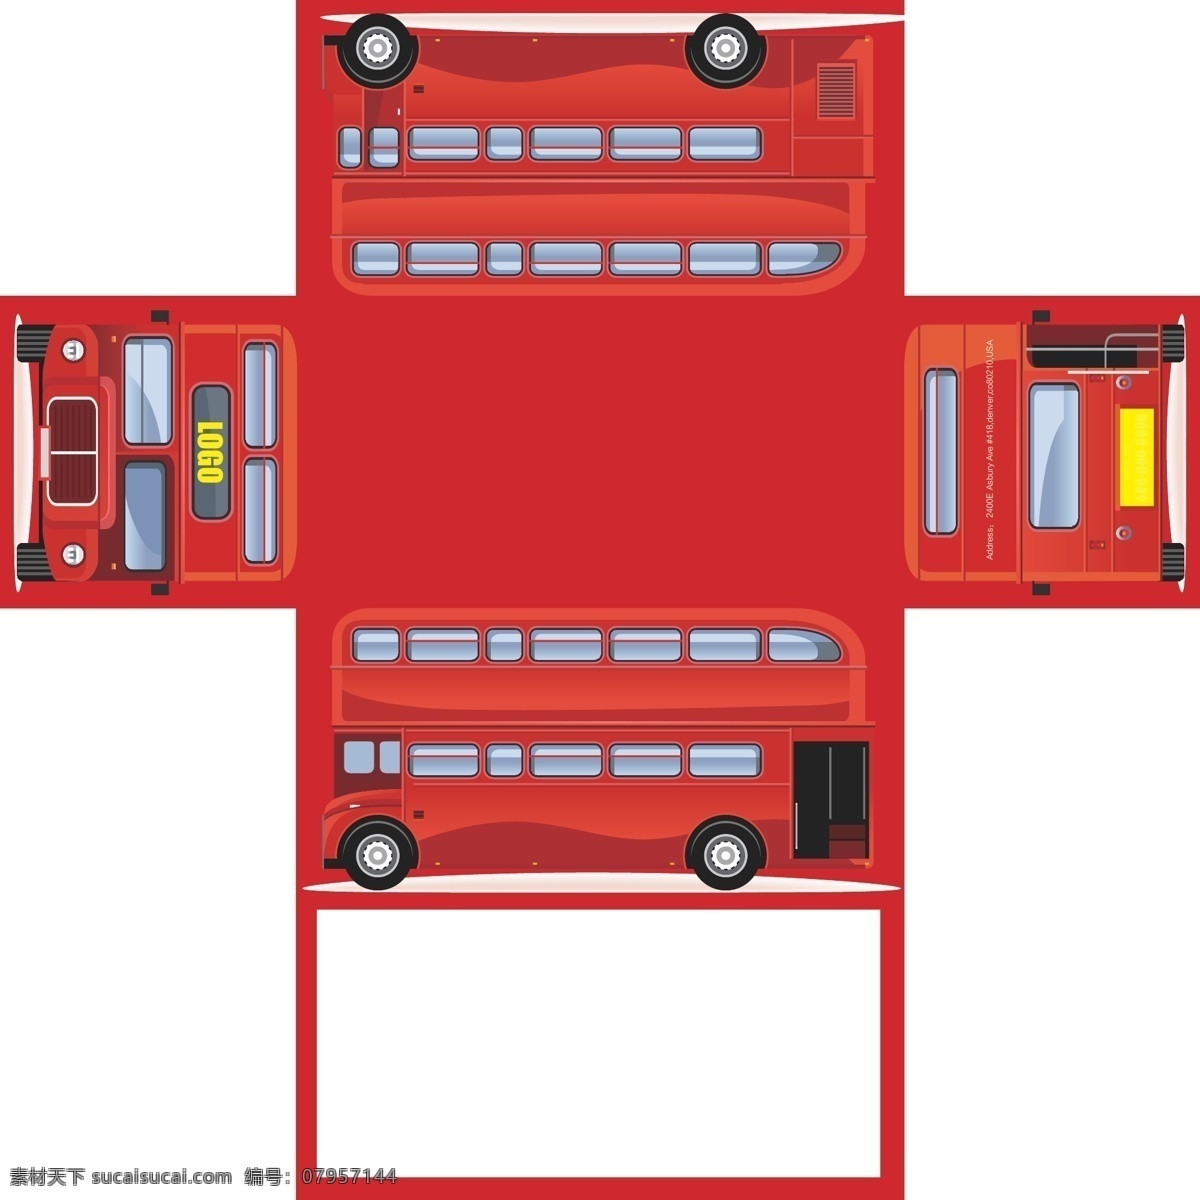 创意 矢量 卡通 伦敦 双层 巴士 抽 纸盒 抽纸盒 包装设计 红色 双层巴士 英国巴士 抽纸盒展开图
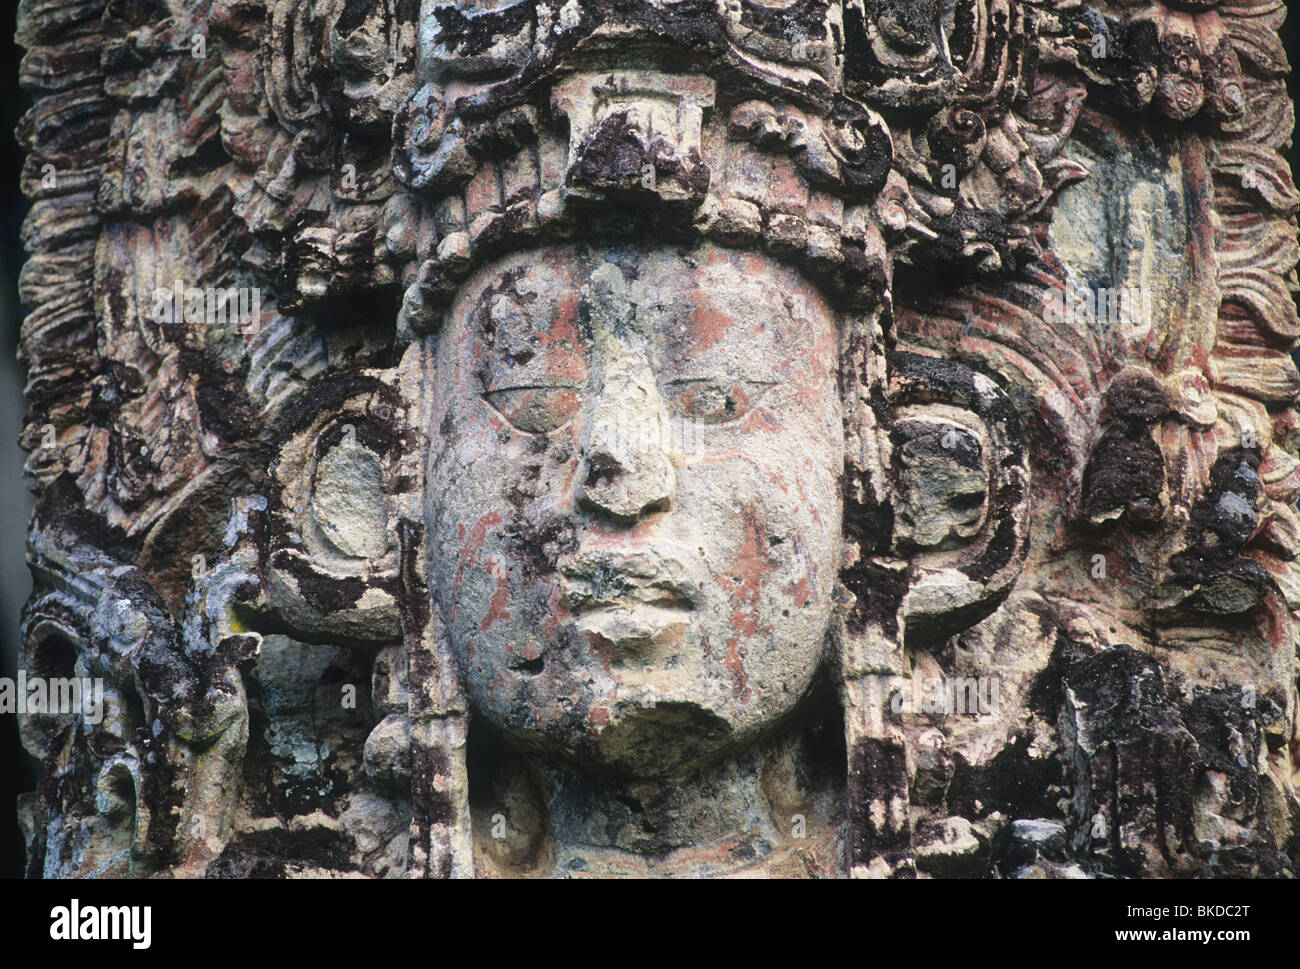 Honduras, Copan Maya-Ruinen, Stela H, Main Plaza, Gesicht von 18 Kaninchen, 13. Herrscher. Stockfoto
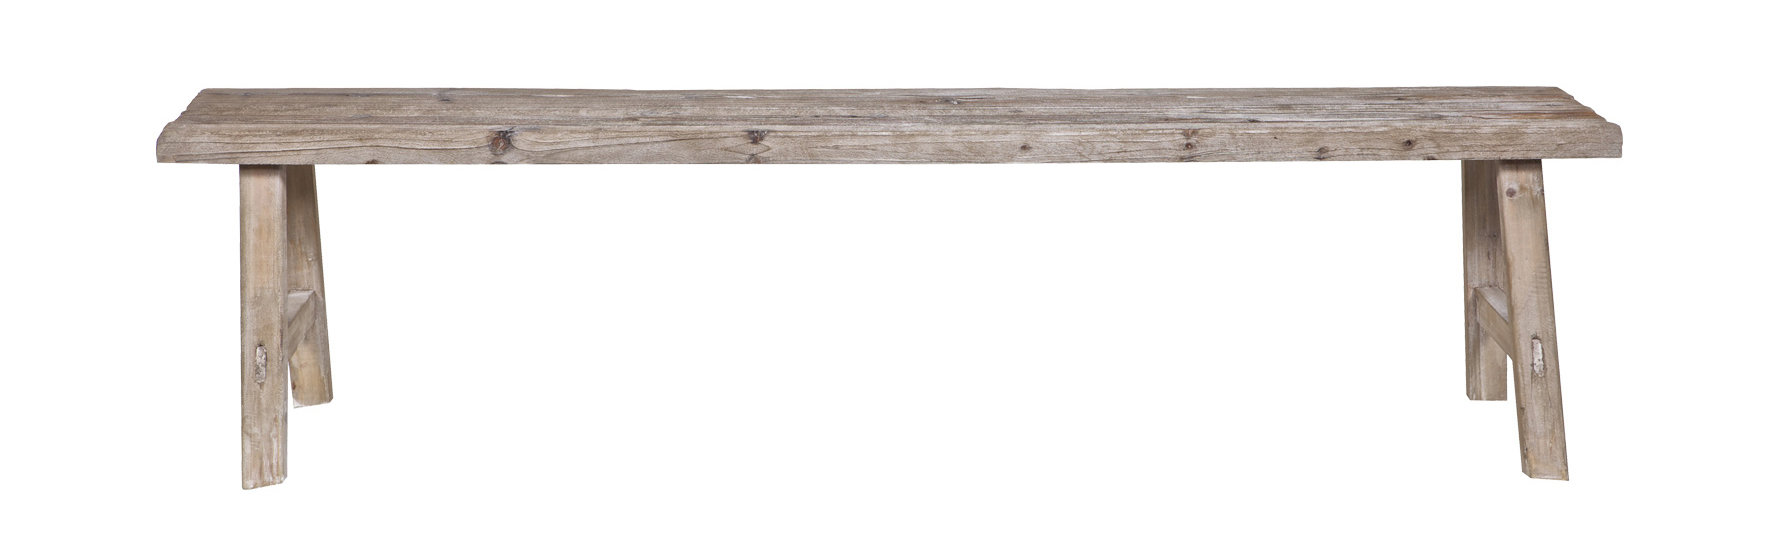 BasicLabel Eettafelbank van steigerhouten planken, helemaal hip en heel handig om aan de eettafel binnen of buiten te zetten.

◆ **Task objective**
With pictures left out, transcribe each line from the one containing "Honduras, Copan Maya-Ruinen, Stela" through the end of the data, both ends included.

◆ **Written response**
 Honduras, Copan Maya-Ruinen, Stela H, Main Plaza, Gesicht von 18 Kaninchen, 13. Herrscher. Stockfoto
 BasicLabel Eettafelbank van steigerhouten planken, helemaal hip en heel handig om aan de eettafel binnen of buiten te zetten.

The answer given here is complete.